Martin Talty (Glendine, Milltown Malbay, 10 November 1920 – 16 March 1983 was an Irish uilleann pipes and flute player.

Talty started playing the tin whistle, later progressing to the flute. It was under the influence of Johnny Doran (who was playing at the Milltown Races in 1936) that he came into contact with the uilleann pipes.

Talty was one of the founding fathers of the Comhaltas Ceoltóirí Éireann in County Clare in 1954. He was also involved in the organizing committee of the first Fleadh Cheoil in Ennis in 1956 and those in Milltown Malbay in 1957 and 1961.

Talty played the uilleann pipes in both the Laichtín Naofa Céilí Band and in The Tulla Céilí Band.
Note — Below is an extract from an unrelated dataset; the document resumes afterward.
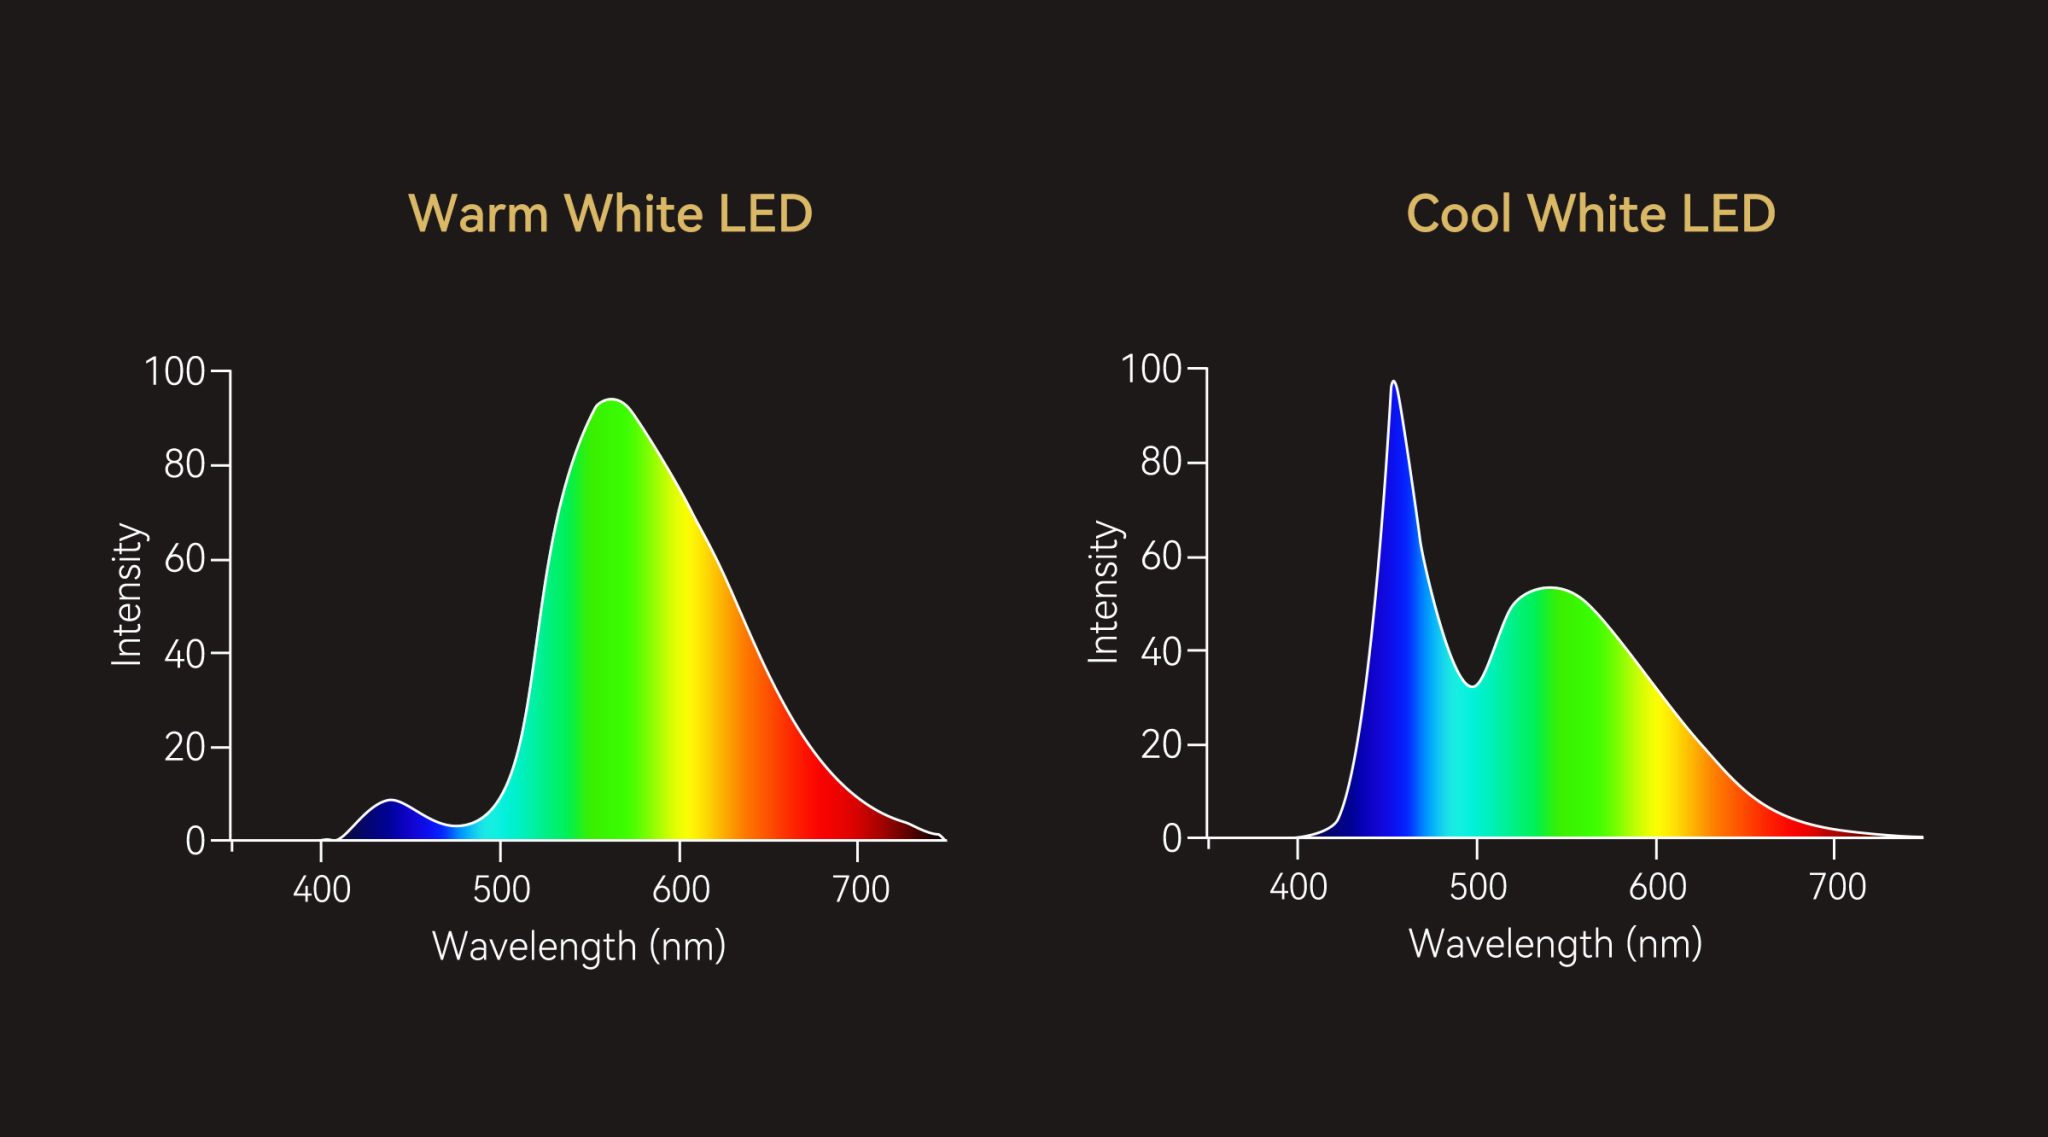 LED light spectrum for warm white and cool white leds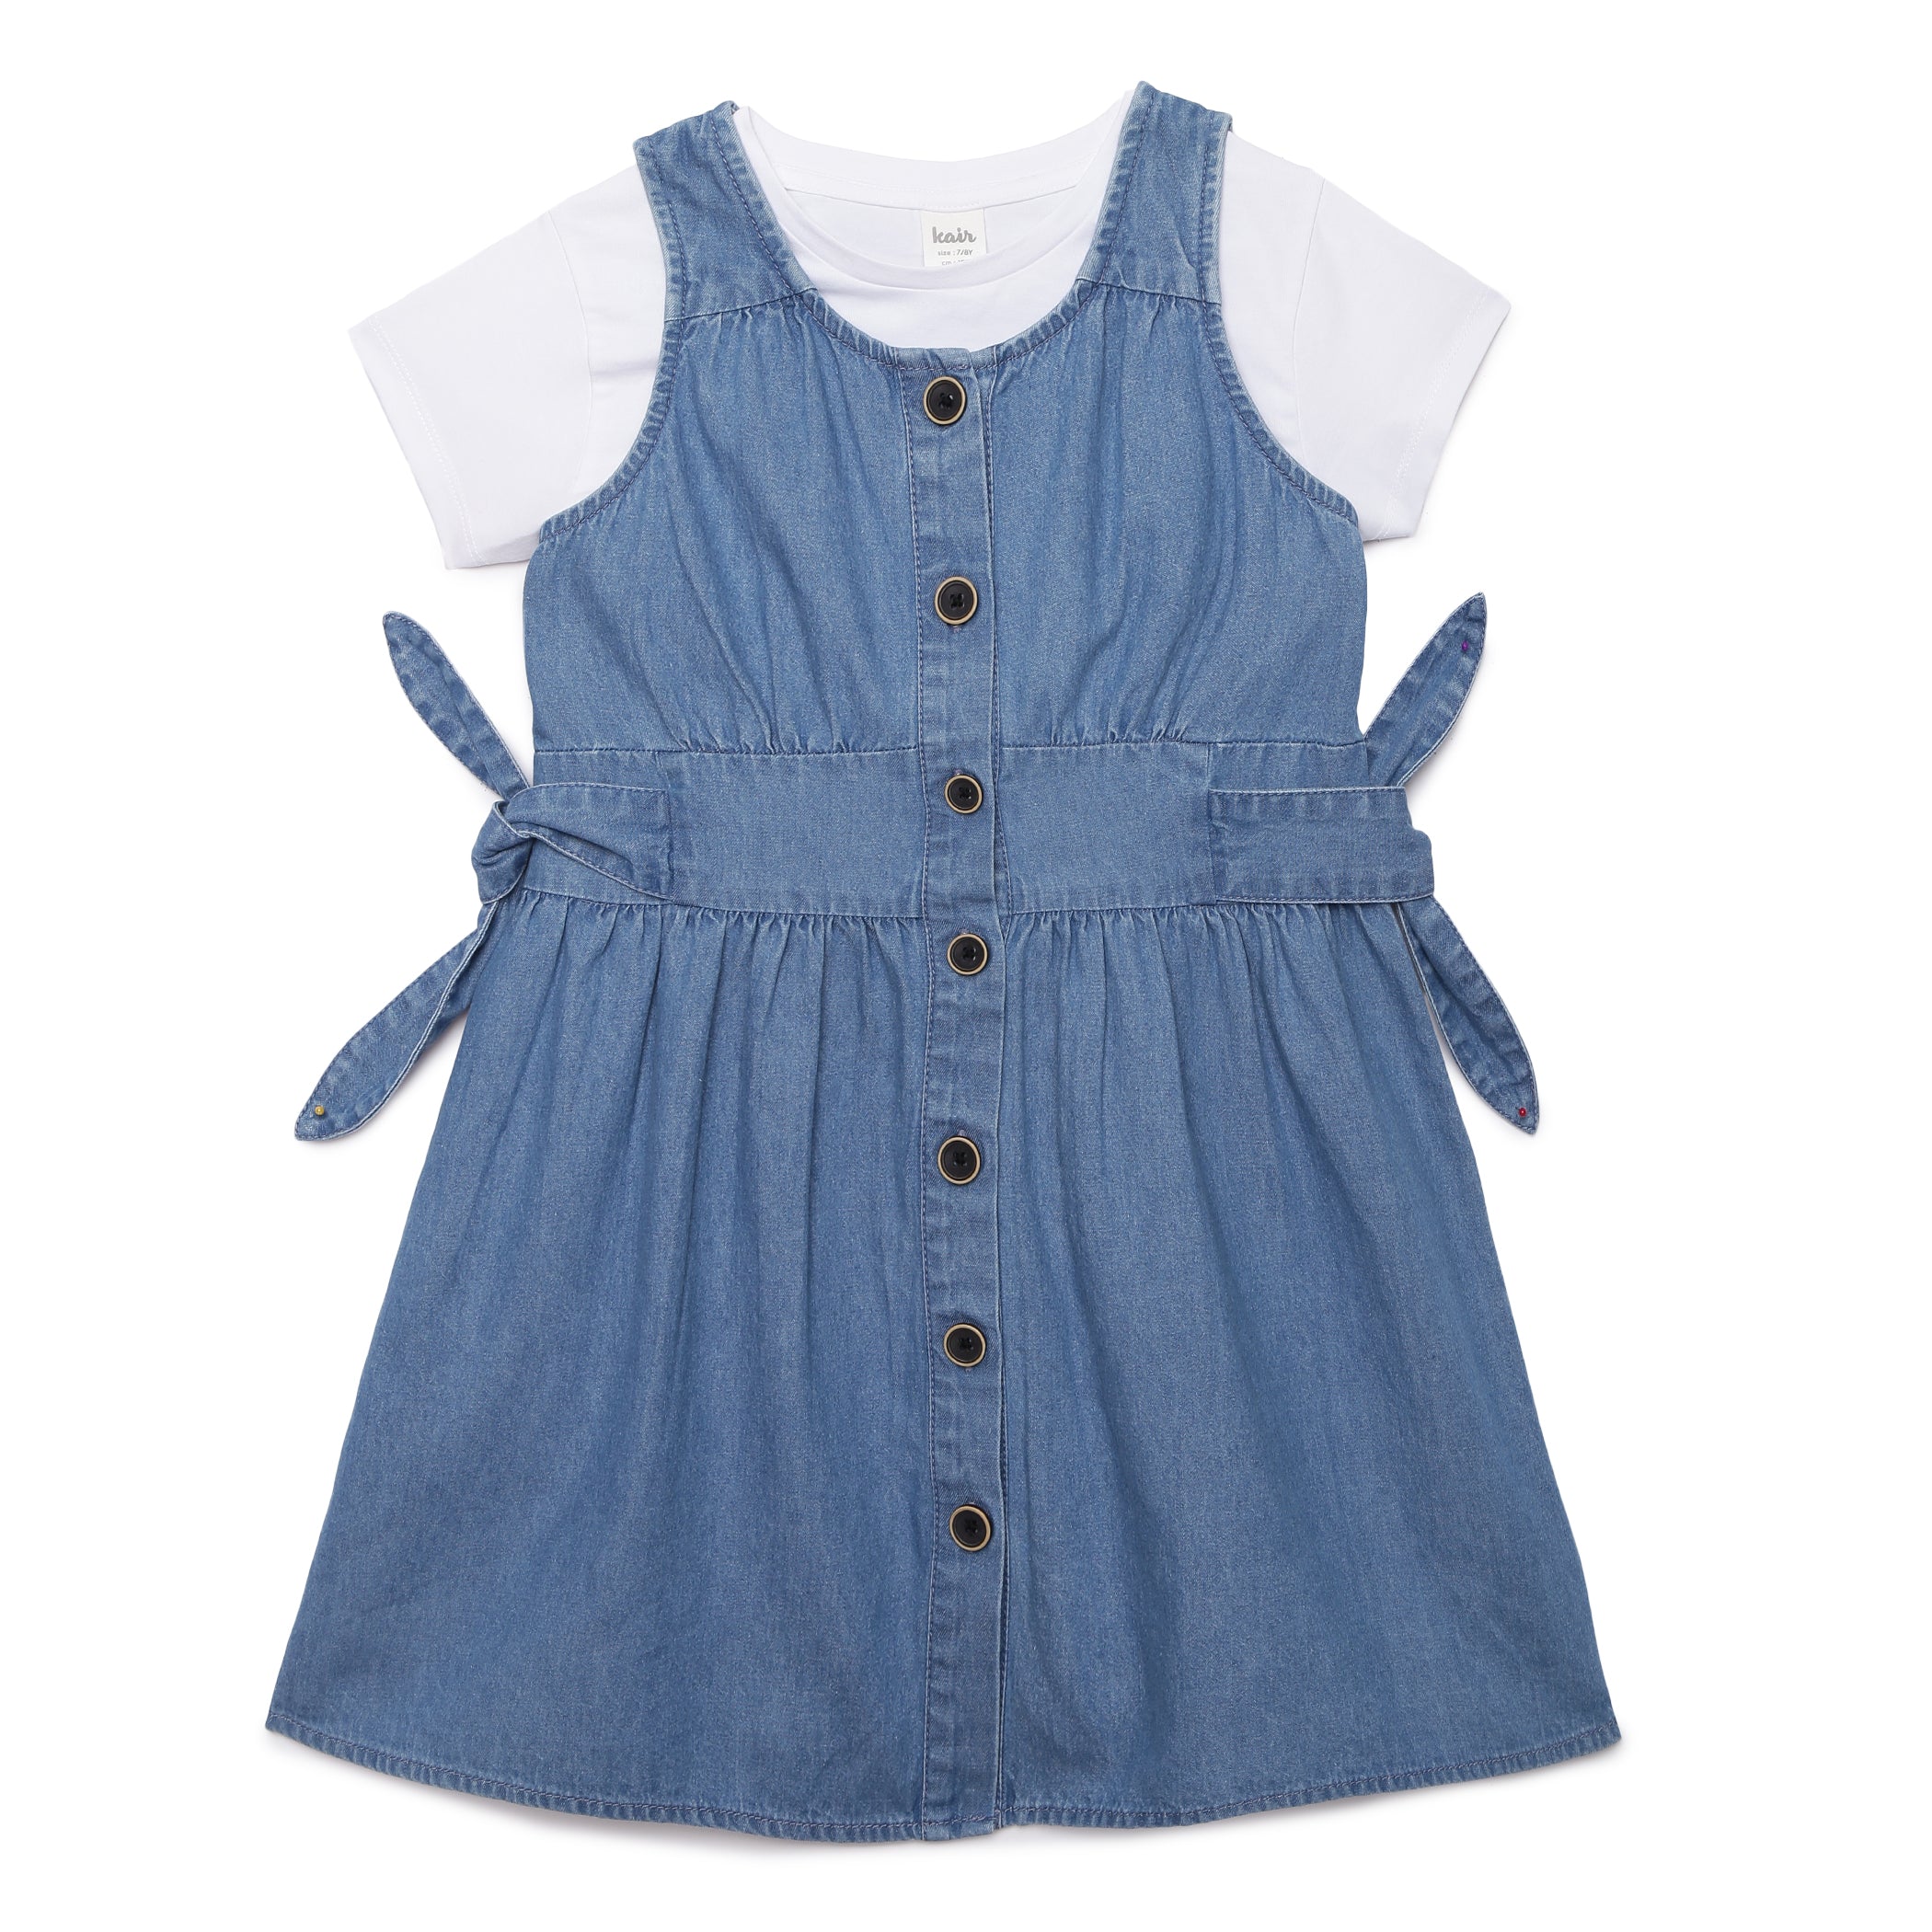 2Pcs Kids Baby Girls Outfits Short Sleeve T-shirt Tops + Denim Jeans Pants  Set | eBay

He attended the same primary school as Willie Clancy, and the two developed a life-long friendship, strengthened by playing the same instruments. After Clancy's death, he was one of the founder of the Willie Clancy Summer School.

==Awards==
- 1981: Sean O'Boyle Award (sometimes named "Gradam Sheáin Uí Bhaoill")

==Personal==
Talty married Mary (Ciss) Kennelly (1925–2018) in 1962 and then went to England for a year where they lived in Warminster and Epsom Downs. They had two children.

==Trivia==
As a teenager Talty played Gaelic football with Milltown Malbay GAA. He did not get much playing time there. After discussing that with local business man Tom Malone, they decided to found a new club named Clonbony GAA. Milltown Malbay GAA however objected, and they had to appeal with the Munster Council in Thurles, County Tipperary. They had to cycle up there and stay the night, but won the appeal.